### Exercise goal
Repeat exactly, and only, the lines from the line bearing "Viktor E Frankl" through the end of the material. Do not copy the pictures.

### Input data
▶

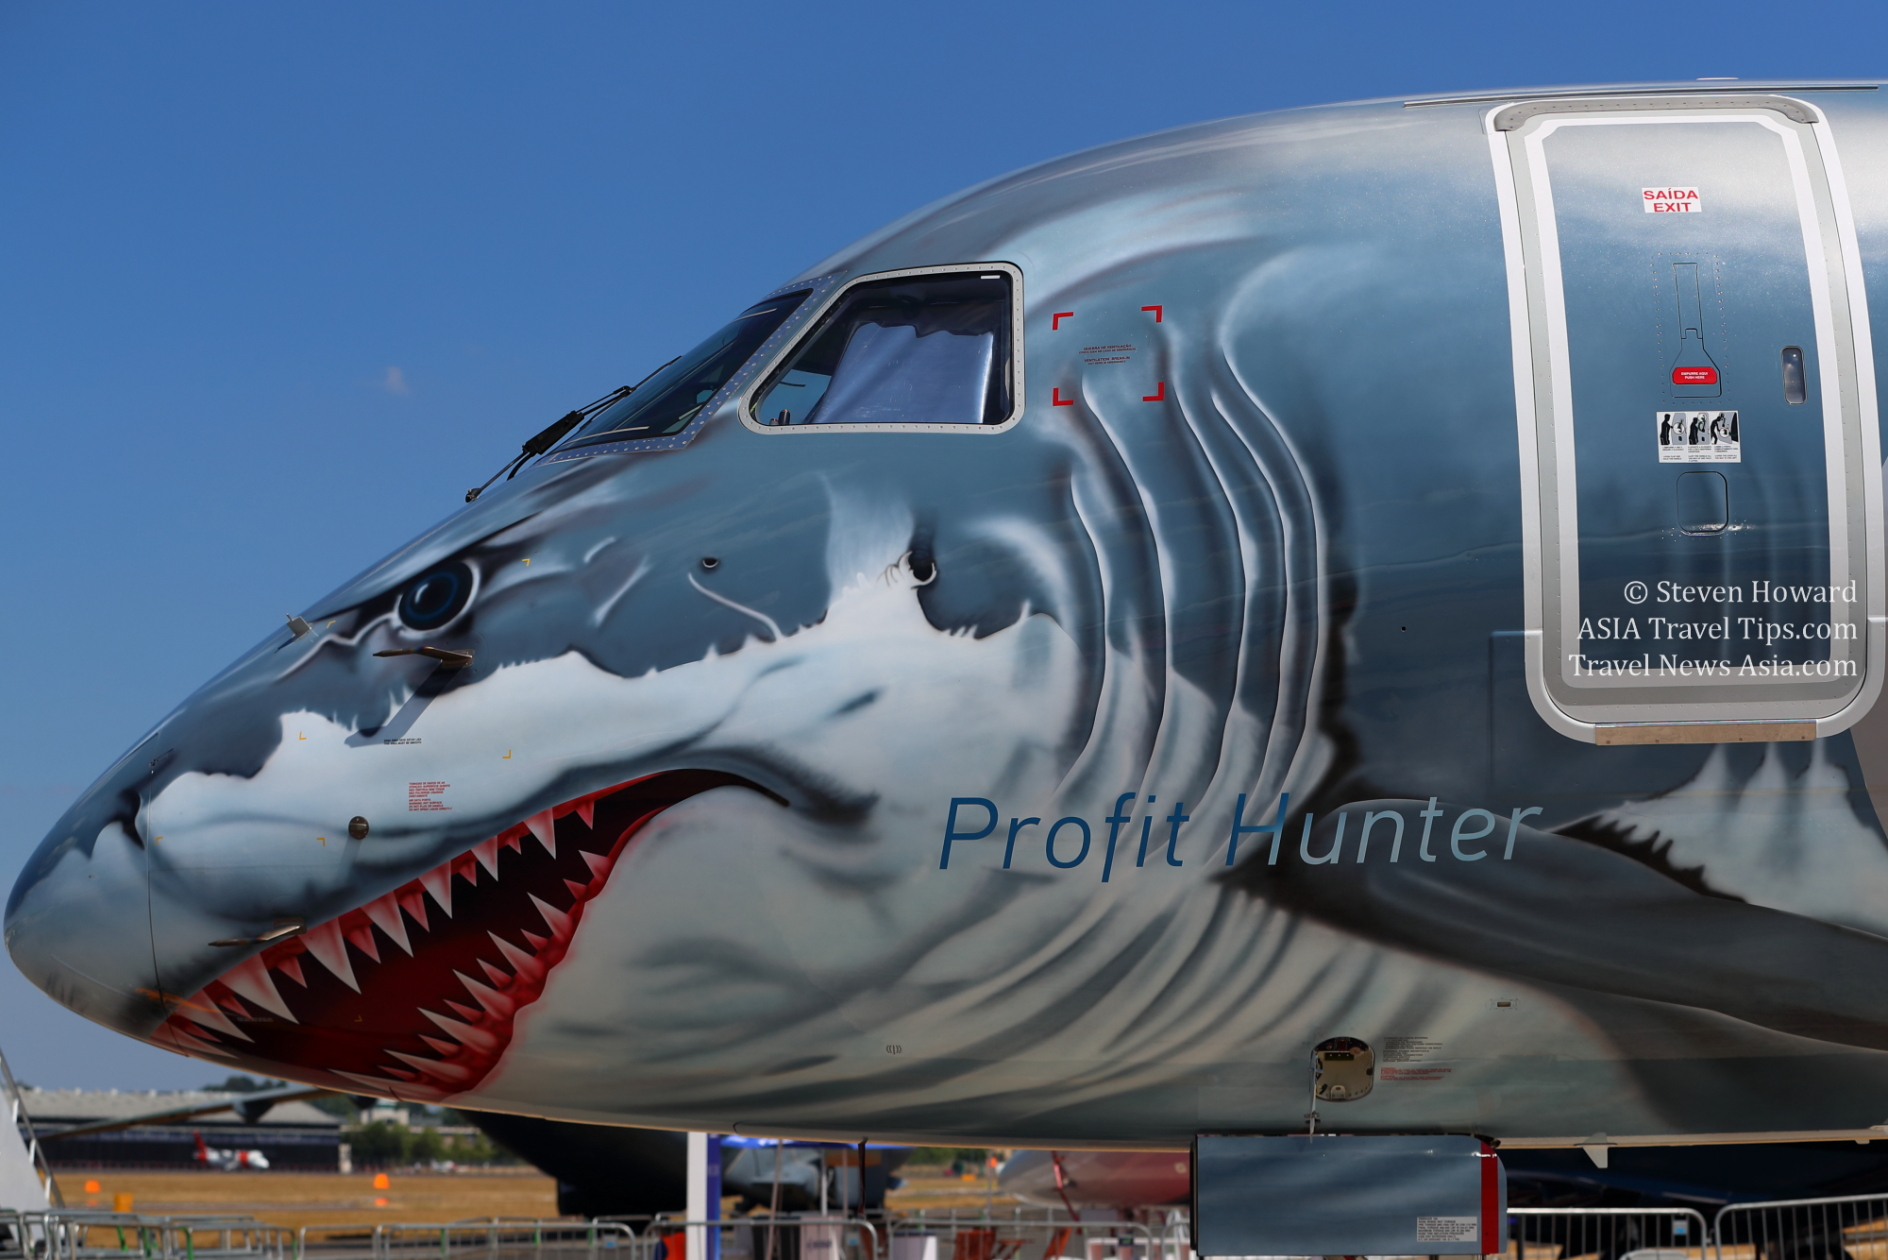 Embraer E190-E2 Tech Shark. Picture by Steven Howard of TravelNewsAsia.com Click to enlarge.
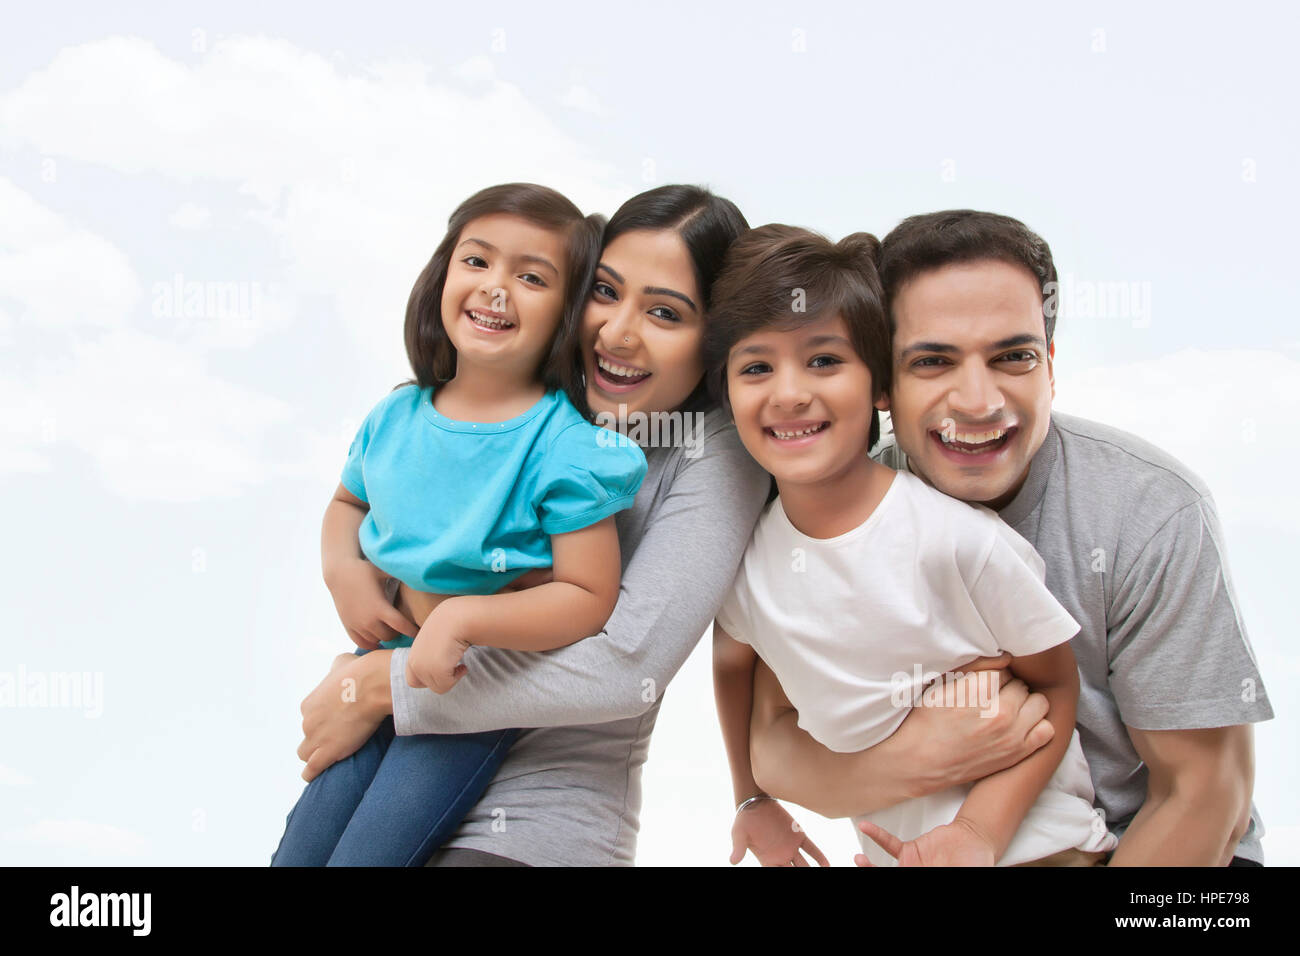 Portrait of happy young parents and two children Stock Photo
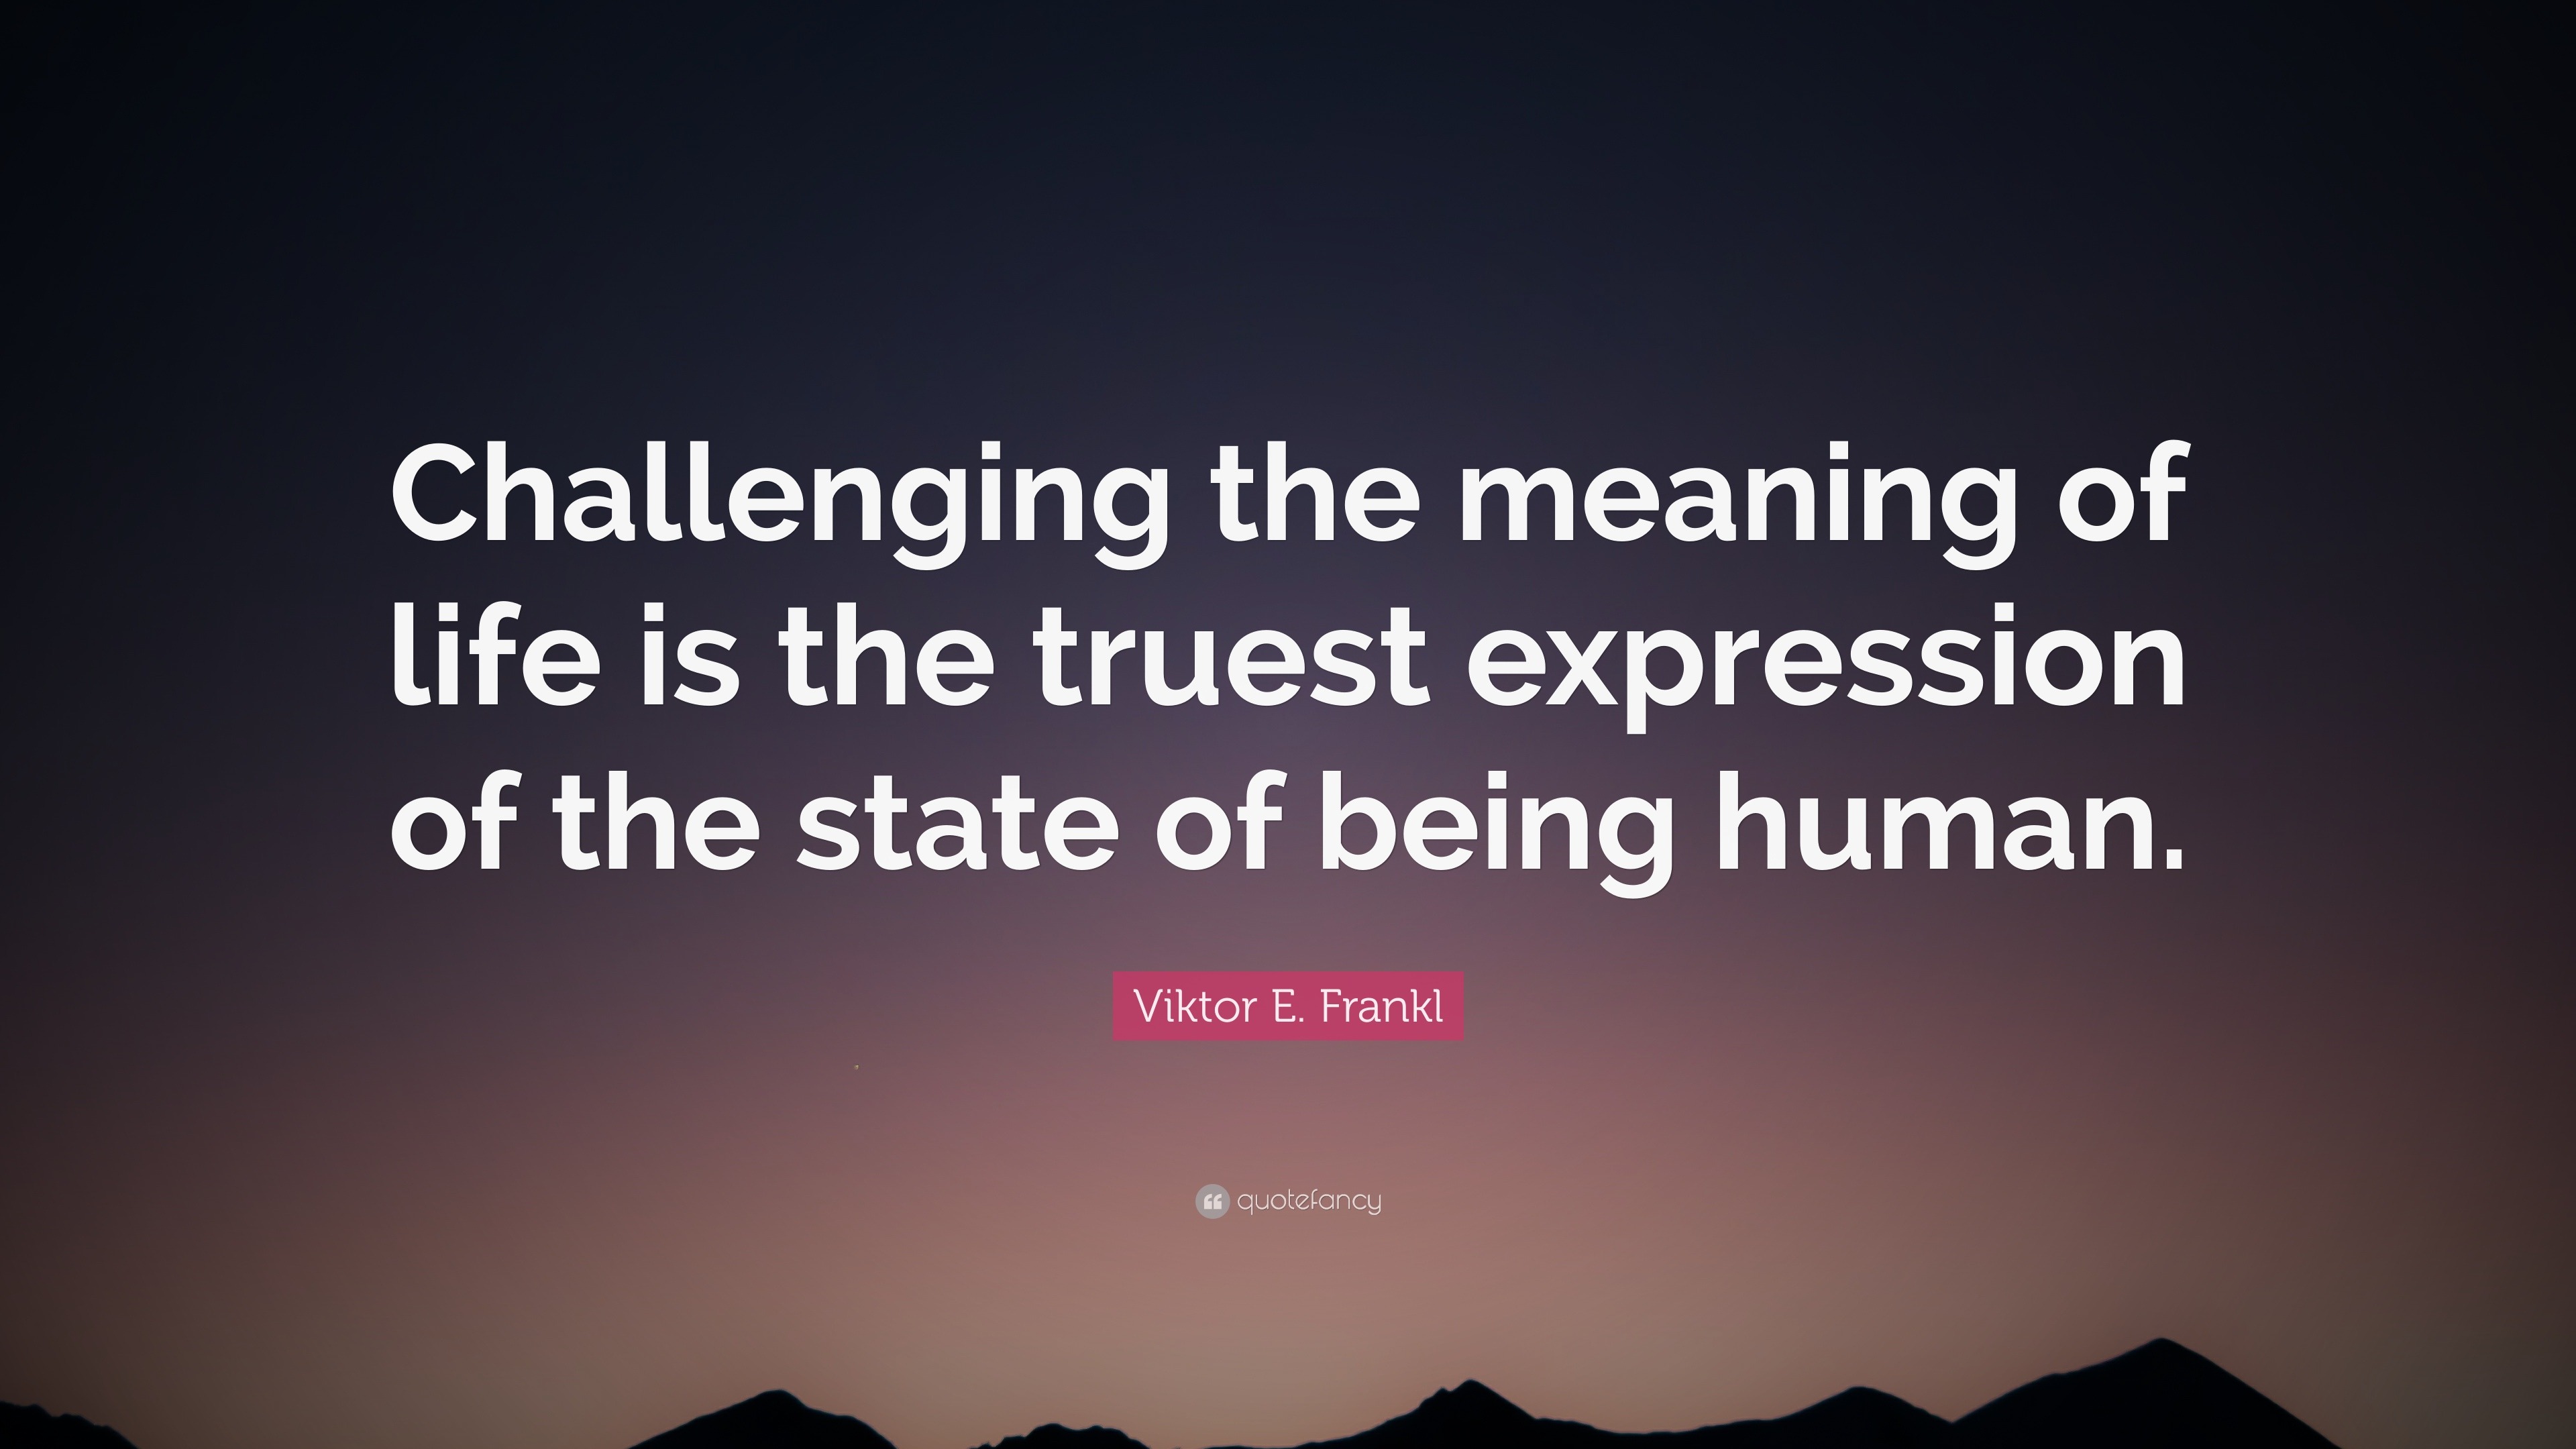 Viktor E Frankl Quote “Challenging the meaning of life is the truest expression
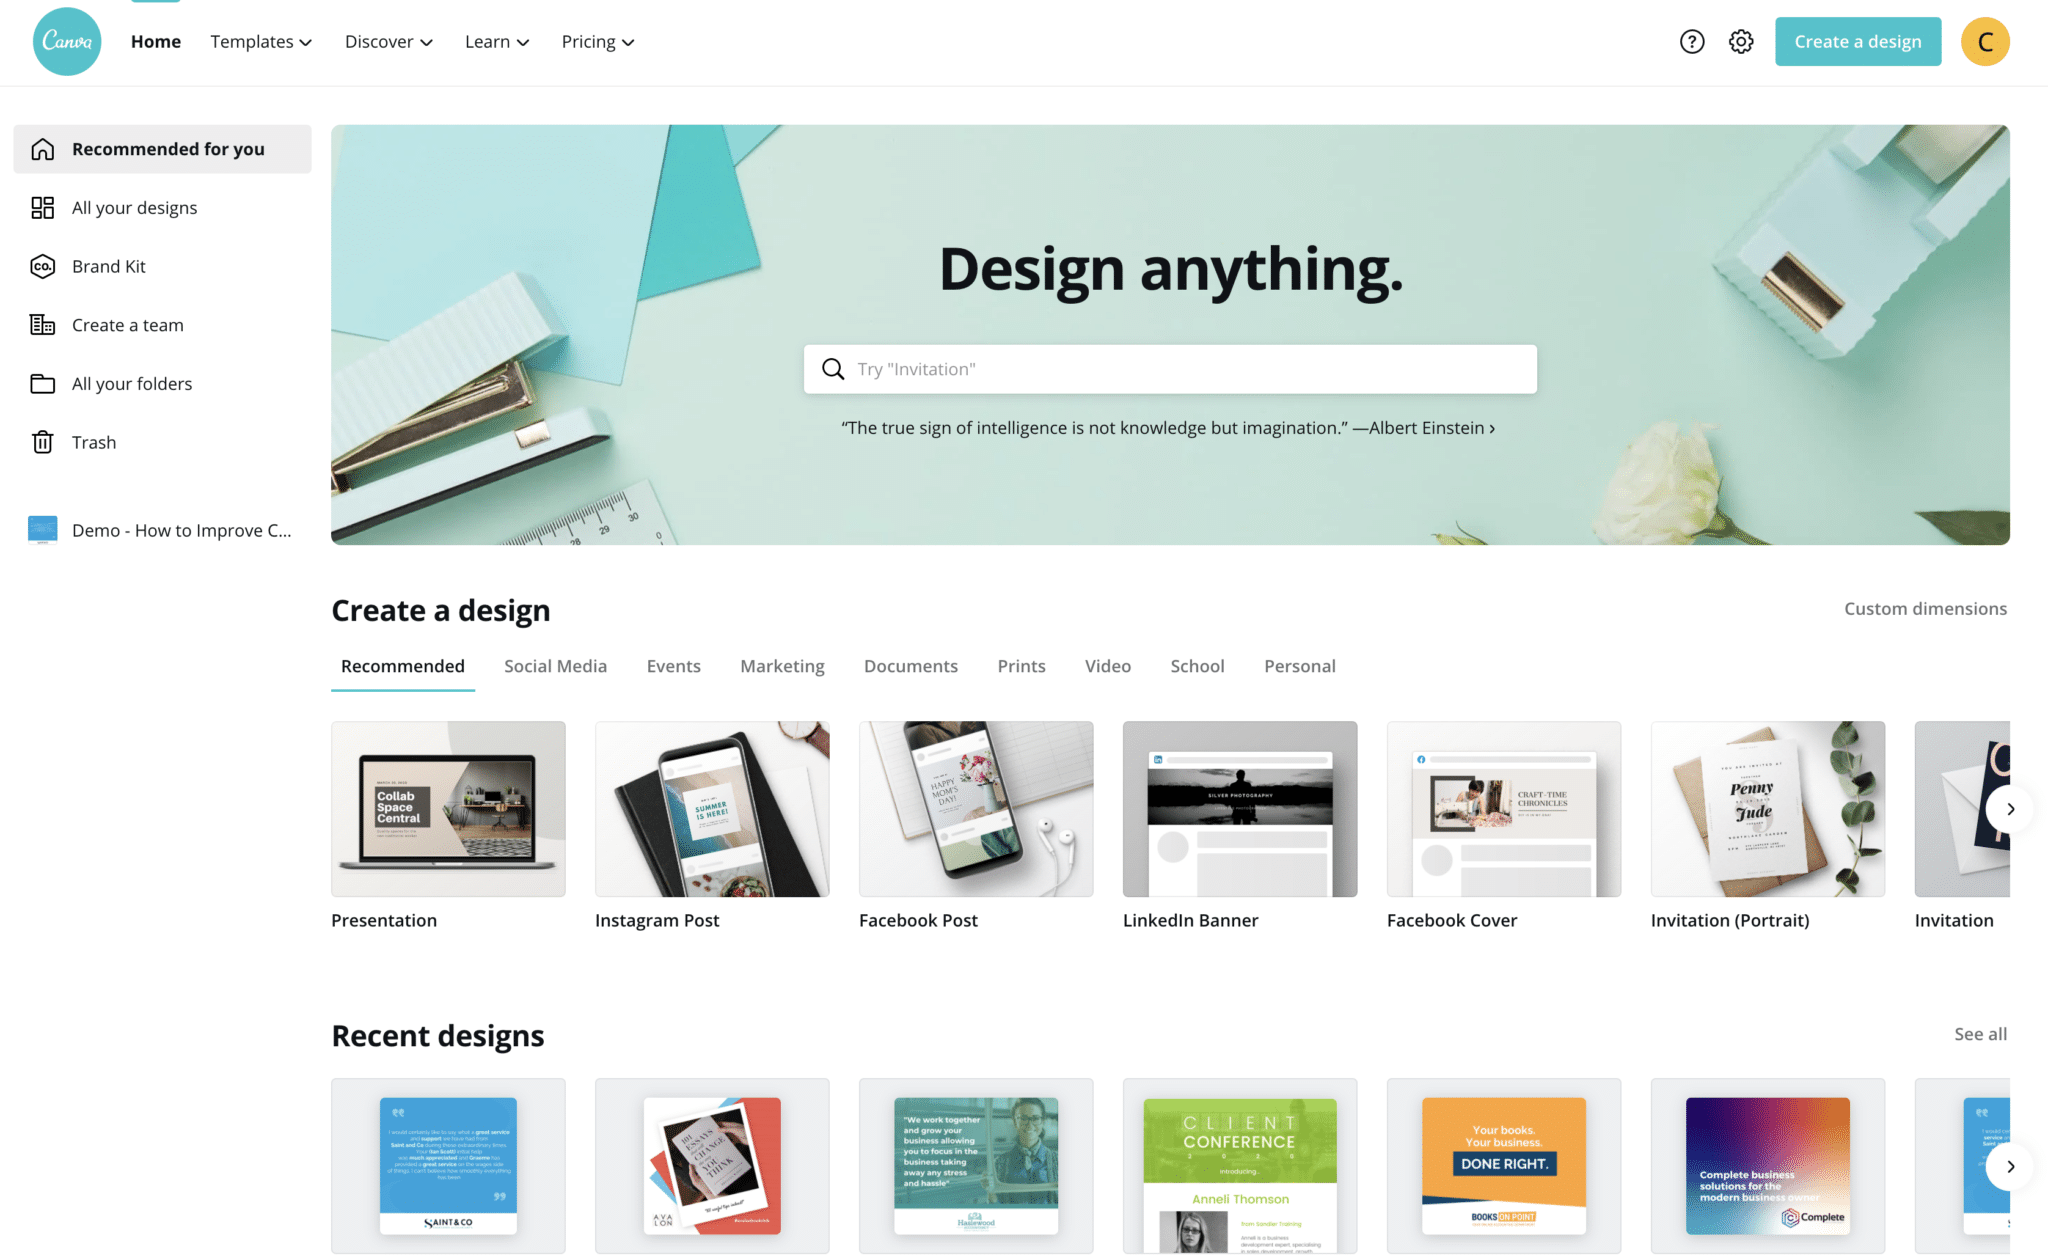 Screenshot of Canva home page

◀

### Response to this task
 Viktor E Frankl Quote “Challenging the meaning of life is the truest expression
 Screenshot of Canva home page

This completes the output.